今回宿泊したダンプスの「つきのえい」からの景色。視界不良で近くの山がかろうじて見える程度。自慢の6000m級の山々はまったく見えません。

風の旅行社のサイトからの写真です。本当はこのような大パノラマ見えるはずでした。中央がマチャプチャレ(6993m)、左がアンナプルナ・サウス(7219m)、右がアンナプルナIV(7525m)とII(7937m)です。これを見にきたのですが……。

視界不良の原因は、霧(細かい水滴)ではありません。乾季で雨が降らず、空気はとても乾燥しております。
上の写真は日の出の風景ですが、早朝にもかかわらず地面の草には夜露が降りておらず、パサパサに乾いてます。
原因は山火事の煙

視界不良の原因は、実は山火事の煙です。高いところから見回すと、あちらこちらから煙が上がっているのがわかります。
雨でも降れば粒子が地面に落ちるのですが、今年は長く雨が降っておりません。また煙を吹き飛ばしてくれるような強い風も吹いておらず、煙が大気中に漂い続けています。

夜になると、オレンジ色の炎も見えます。
ロッジの近くでも山火事が起きており、夜中に寝ていると、竹が焼けているのかパンパンとはぜる音が聞こえ、ちょっと不安になりました。
なぜ山火事が起きているのか
ポカラのこの時期の平均最高気温は32度程度で(ポカラ の気候、月別の気象、平均気温 - Weather Spark)す。晴天が続いて空気が乾燥しているとはいえ、木々の葉っぱは青々としていて、下草も枯れてはおらず、自然発火によって山火事が起きているとは思えません。
現地ガイドさんの話では、住民が意図的に火をつけて木や草を燃やしているのだそうです。
それを聞いてぽん太は「焼畑農業」を行なっているのかと思いました。焼畑農業は、森林に火をつけて燃やし、焼け跡を農地とする方法です。木を切って整地する手間がなく、焼けた木の灰が肥料になるというメリットはありますが、数年で地力が低下して作物が育たなくなり、森林破壊によって保水力が低下したり崖崩れが起きやすくなるなどのデメリットが多く、いわゆる「持続可能」な農業形態ではありません。

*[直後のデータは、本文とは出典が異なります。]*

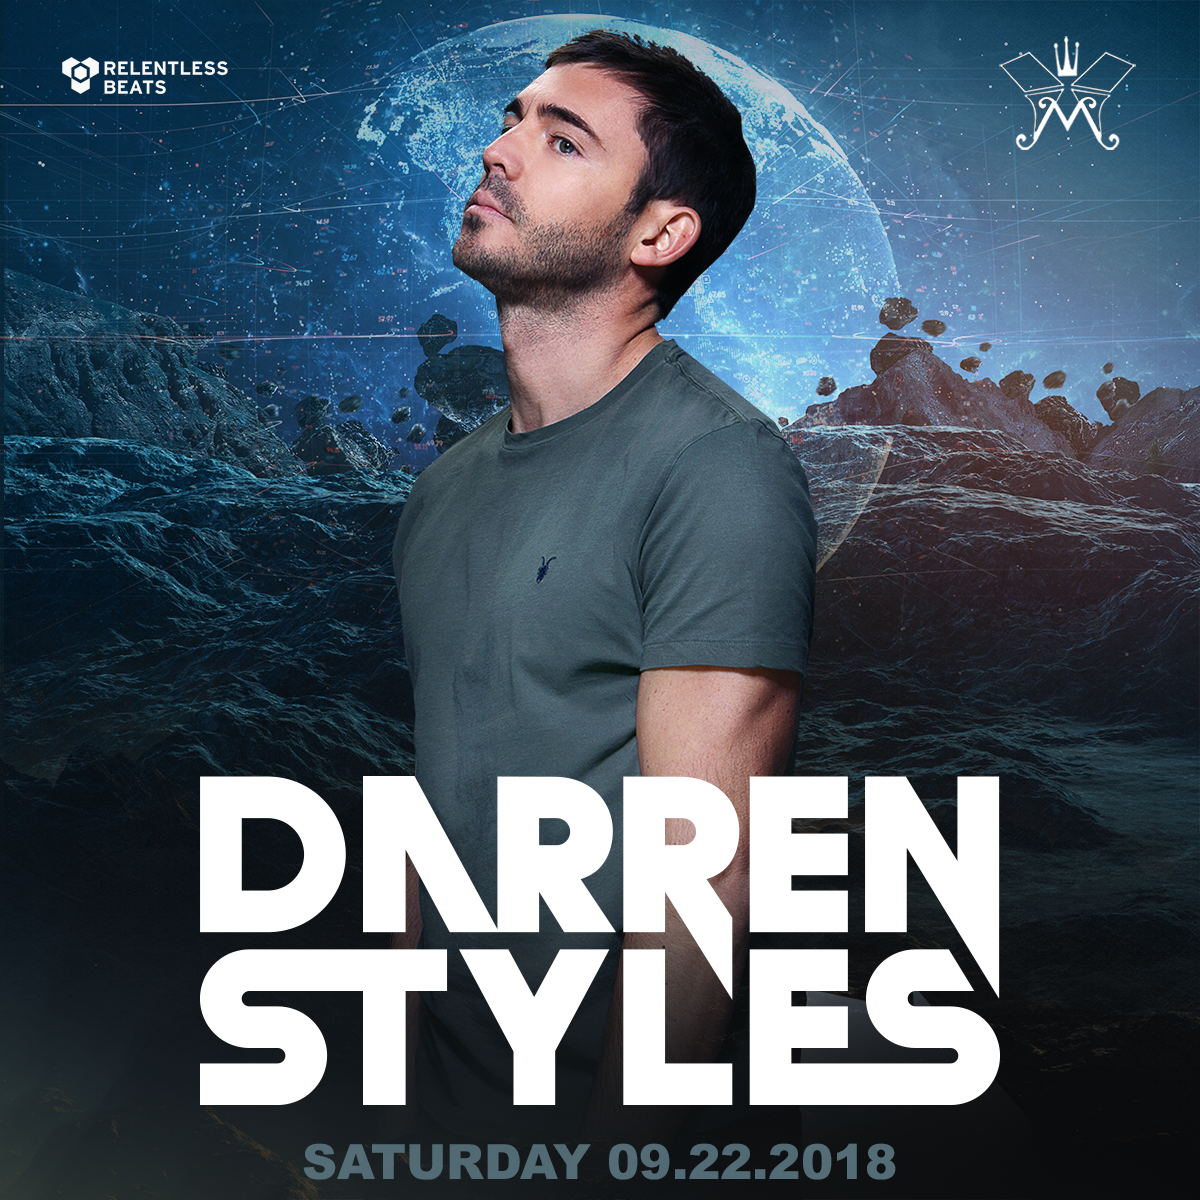 Flyer for Darren Styles

ところがよく見ると、生活道路の道端に焼け跡があったりします。また焼け跡が耕作地として使われているのも見かけませんでした。焼畑農業が行われているわけではなさそうです。
おそらく藪や下草を刈るのが大変なので、火を放って焼いているのではないでしょうか。日本でいう「野焼」に近いかもしれません。そしてそれが場所によって森林に燃え広がっていると思われます。
現地の人々に確認することまではできなかったので、あくまでぽん太の推測ですが。

ガイドさんの話では、住民たちは山火事を不安には感じていないようで、環境破壊なども考えておらず、野焼をした方がかえって山にいいと思っている人も多いそうです。
現地ガイドさんによれば、以前は藁屋根が多かったため、ネパール政府が火を付ける行為を厳しく取り締まっていたそうですが、近年はほとんどが金属製の屋根になったので、野焼を黙認するようになったのも一因だそうです。